Assignment
Restrict the output to the lines below starting at the one that contains "Beaverton apartment residents" and ending at the one that contains "Pete Carril, left, in", and restate them word for word, both ends included.

Data shown
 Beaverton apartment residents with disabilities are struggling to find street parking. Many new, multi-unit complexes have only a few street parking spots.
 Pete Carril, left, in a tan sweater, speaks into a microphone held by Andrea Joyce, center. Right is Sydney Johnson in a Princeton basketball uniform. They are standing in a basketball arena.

--

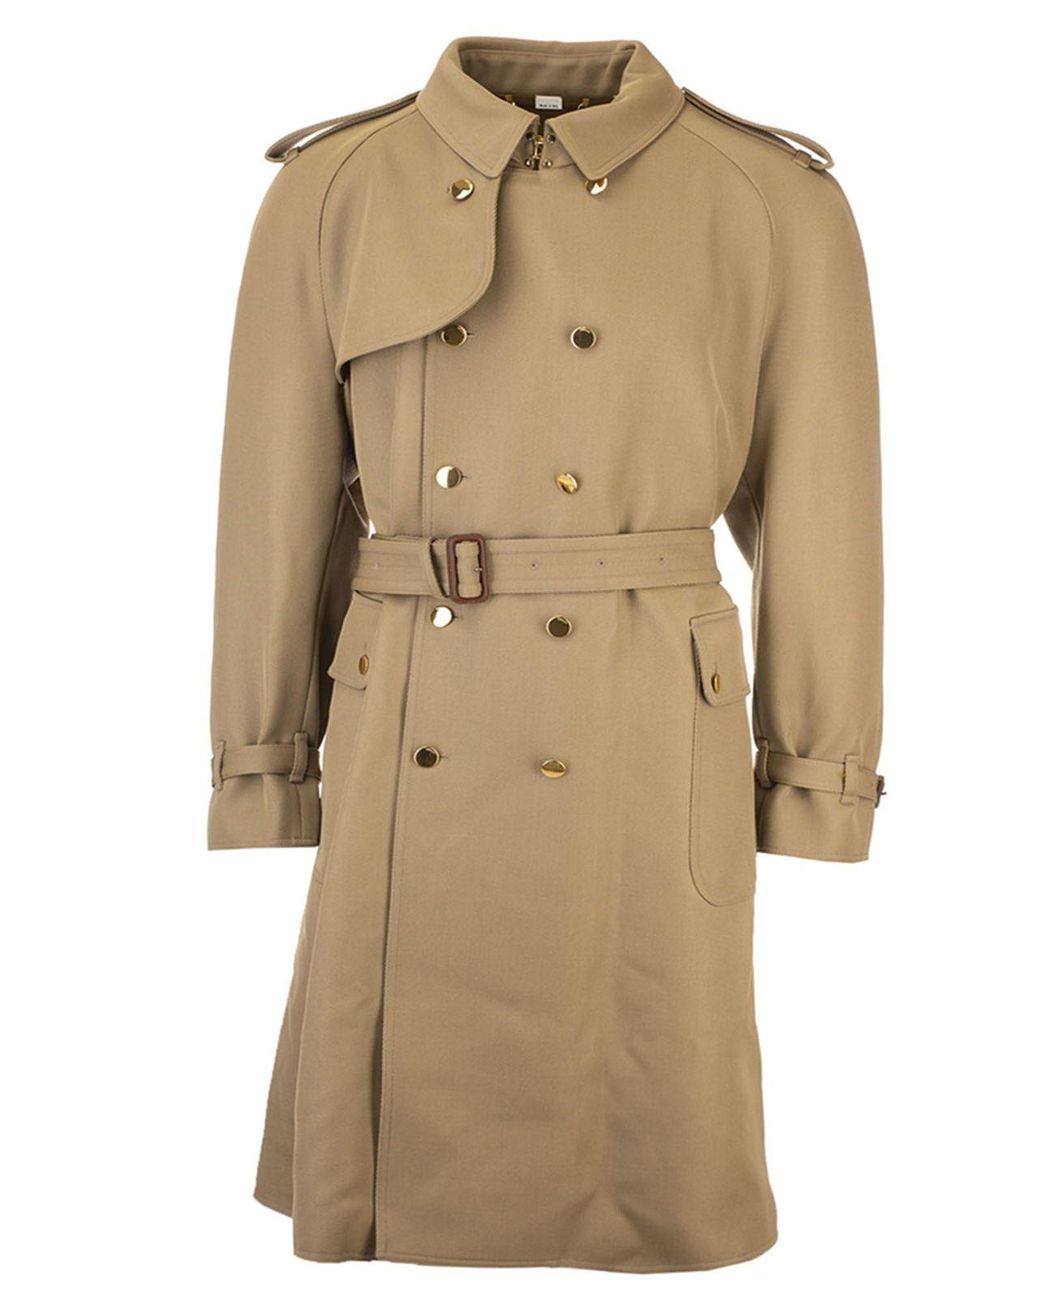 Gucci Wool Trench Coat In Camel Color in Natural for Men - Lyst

---

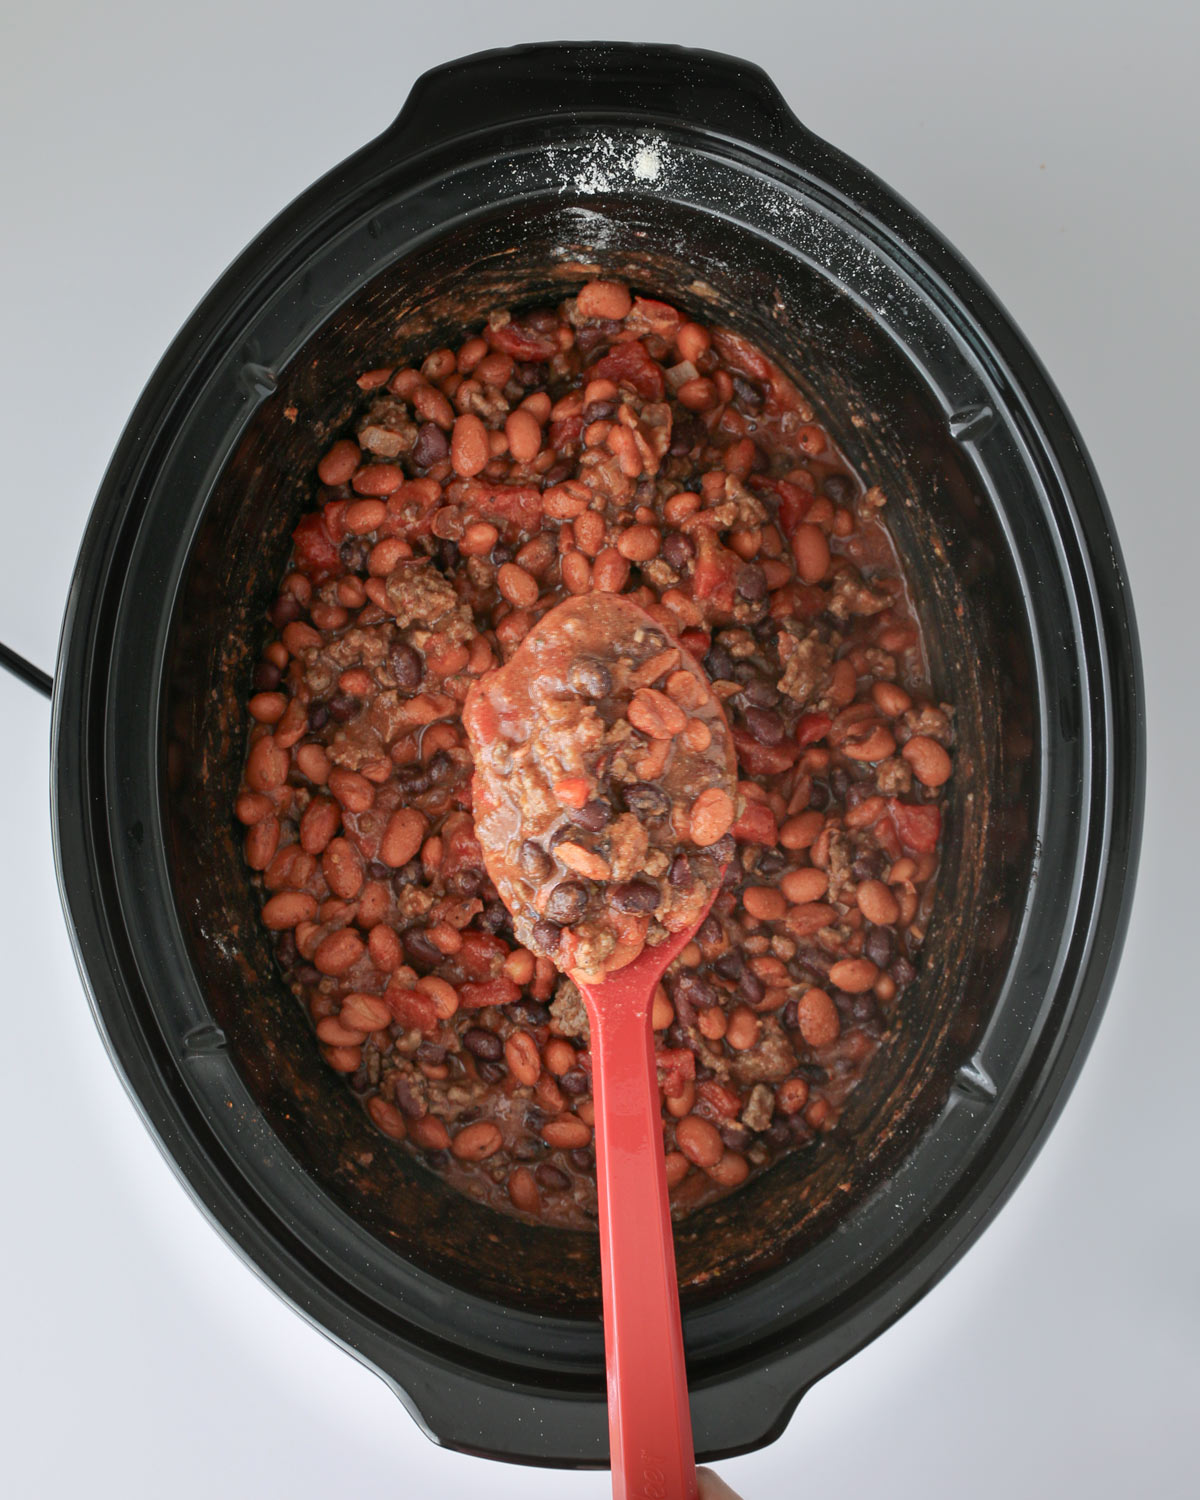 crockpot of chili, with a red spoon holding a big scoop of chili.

Task result
 Beaverton apartment residents with disabilities are struggling to find street parking. Many new, multi-unit complexes have only a few street parking spots.
 Pete Carril, left, in a tan sweater, speaks into a microphone held by Andrea Joyce, center. Right is Sydney Johnson in a Princeton basketball uniform. They are standing in a basketball arena.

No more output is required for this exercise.